Human muscle strength declines at the rate of 12–14% per decade after the age of 50 years [66, 68]. This loss of strength with age is due to many factors but is primarily attributed to a loss of muscle mass bringing to sarcopenia [30, 86]. Sarcopenia is related to a loss of functional abilities [82], dependency [83], increased risk of falls, fractures [5, 67], and decreased bone mineral density [94]. Thus, sarcopenia has negative consequences for the health status and functional abilities of older adults. Recent research has addressed the hypothesis that growth hormone (GH) and insulin-like growth factor I (IGF-I) have an anabolic effect in adults, including the elderly. These hormones stimulate whole-body and muscle protein synthesis, at least under some conditions. Serum IGF-I levels as well as GH secretion decline with advancing age [26, 92, 93]. The declining activity of the GH–IGF-I axis with advancing age may contribute to the decrease in lean body mass and the increase in mass of adipose tissue that occur with aging [17, 44, 100].

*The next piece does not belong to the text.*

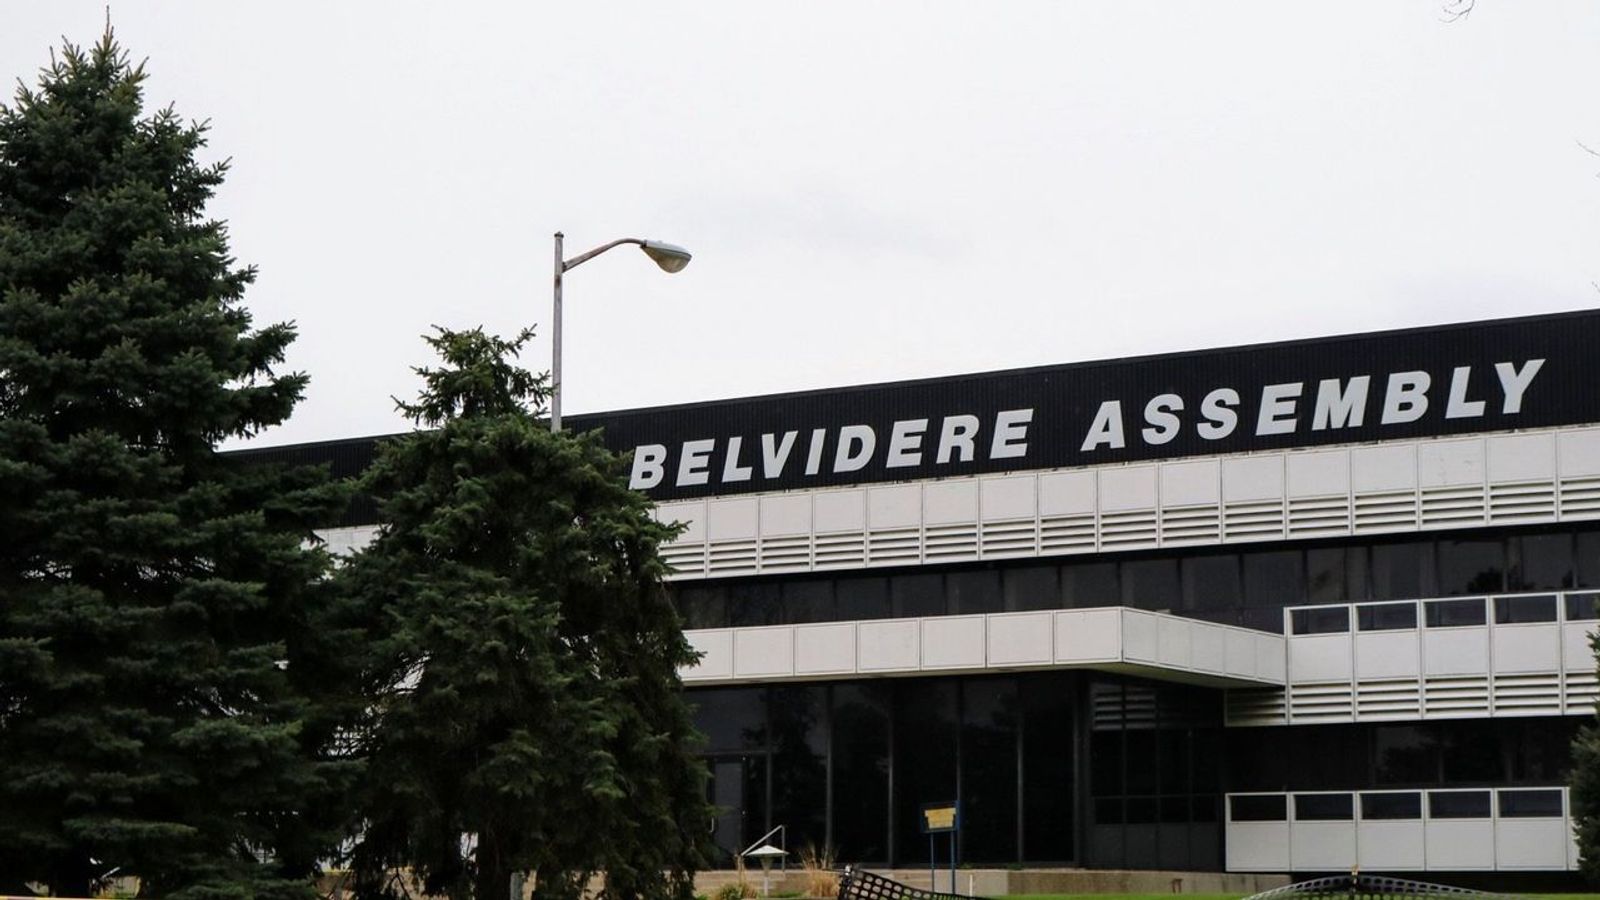 Stellantis announces indefinite layoffs for 1,350 Belvidere Assembly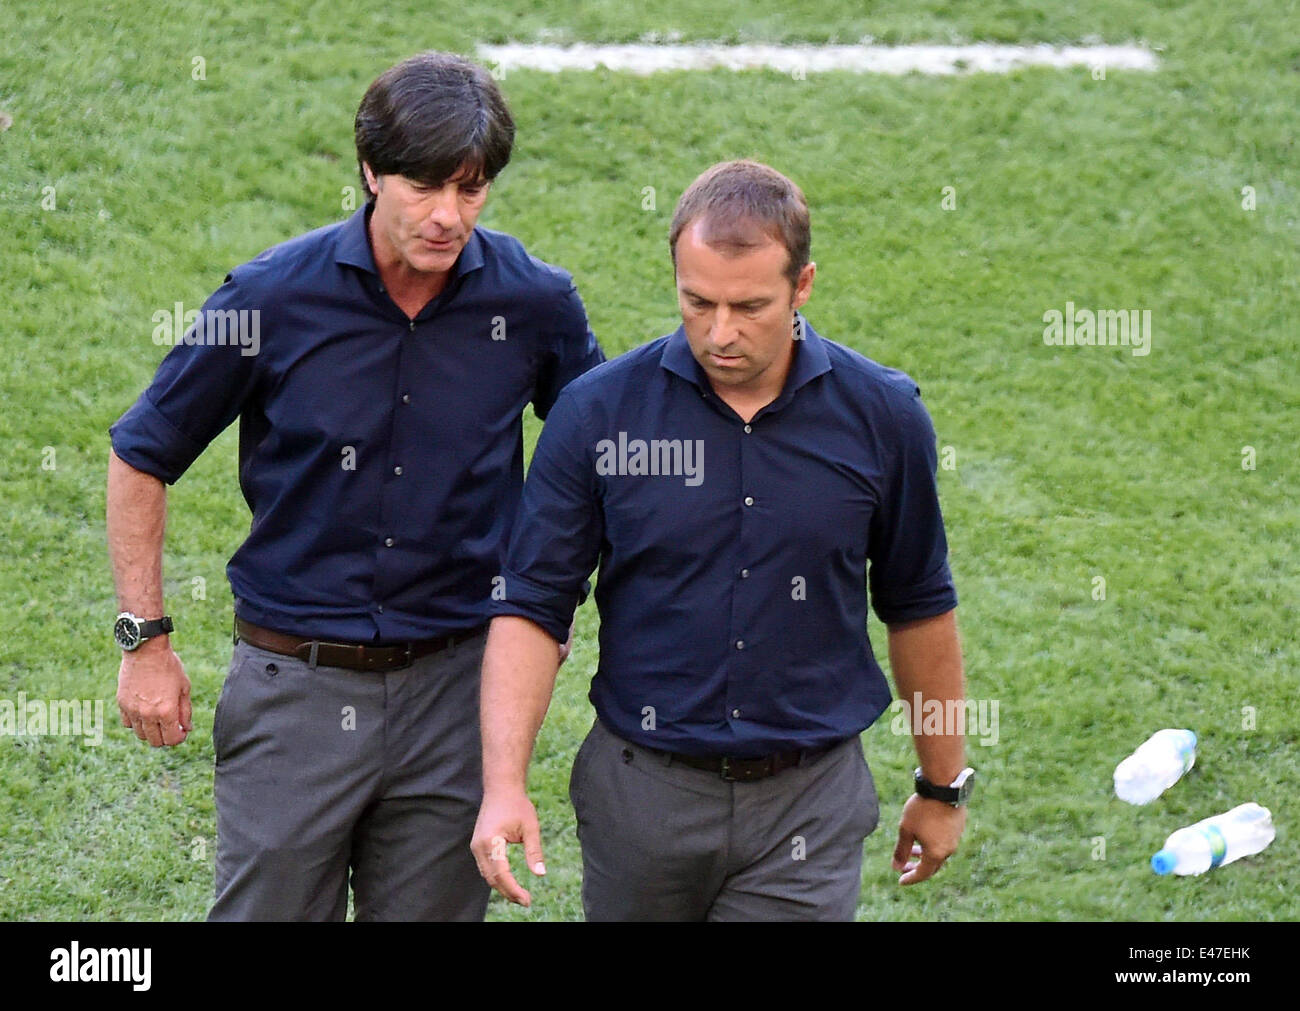 Rio de Janeiro, Brazil. 04th July, 2014. Head coach Joachim Loew of Germany and assistant coach Hansi Flick (R) during the FIFA World Cup 2014 quarter final soccer match between France and Germany at Estadio do Maracana in Rio de Janeiro, Brazil, 04 July 2014. Photo: Marcus Brandt/dpa/Alamy Live News Stock Photo

Mechanisms underlying age-associated change in body composition such as an increase in body fat and a decrease in bone mass are not fully understood. Decrease in GH secretion and serum IGF-I levels with aging may have some impact on these processes. IGF-I is predominantly synthesized in the liver, and serum levels of IGF-I are tightly regulated by GH release [79] and are indicated to reflect the integrated 24-h secretion of GH [15]. IGF-I is a trophic factor required for the proliferation of myoblasts, the proliferation of myogenic differentiation, and subsequent growth and hypertrophy of myofibers [27]. IGF-I has been identified as a potent regulator of gene expression in the skeletal muscle. Excitation–contraction uncoupling has been identified as a mechanism underlying sarcopenia in the skeletal muscle in aging mammals. The basic mechanism for excitation–contraction uncoupling is a larger number of ryanodine receptors uncoupled to dihydropyridine receptors [17]. In addition to effects on muscle development, IGF-I facilitates skeletal muscle dihydropyridine activity via tyrosine kinase–protein kinase C-dependent phosphorylation [18]. It has also shown that IGF-I-dependent dihydropyridine modulation is impaired in aging skeletal muscles [87], which may explain, at least partially, the decline in muscle force with aging [79]. It has been established that high levels of GH and IGF-I increase body weight, bolster bone and muscle mass, and enhance immune function [64]. These hormones also modulate the onset of puberty and generally increase reproductive fitness. Furthermore, administration of GH or IGF-I to aged animals restores many of the deficits associated with age, including declines in immune function, bone mass, and skin thickness [16]. In addition to the attenuation of age-related physical deficits, administration of IGF-I to rodents prevents the development of age-related cognitive impairments [71]. These findings and others not detailed in this review provide evidence that the deficiency in GH and IGF-I contributes to the aged phenotype.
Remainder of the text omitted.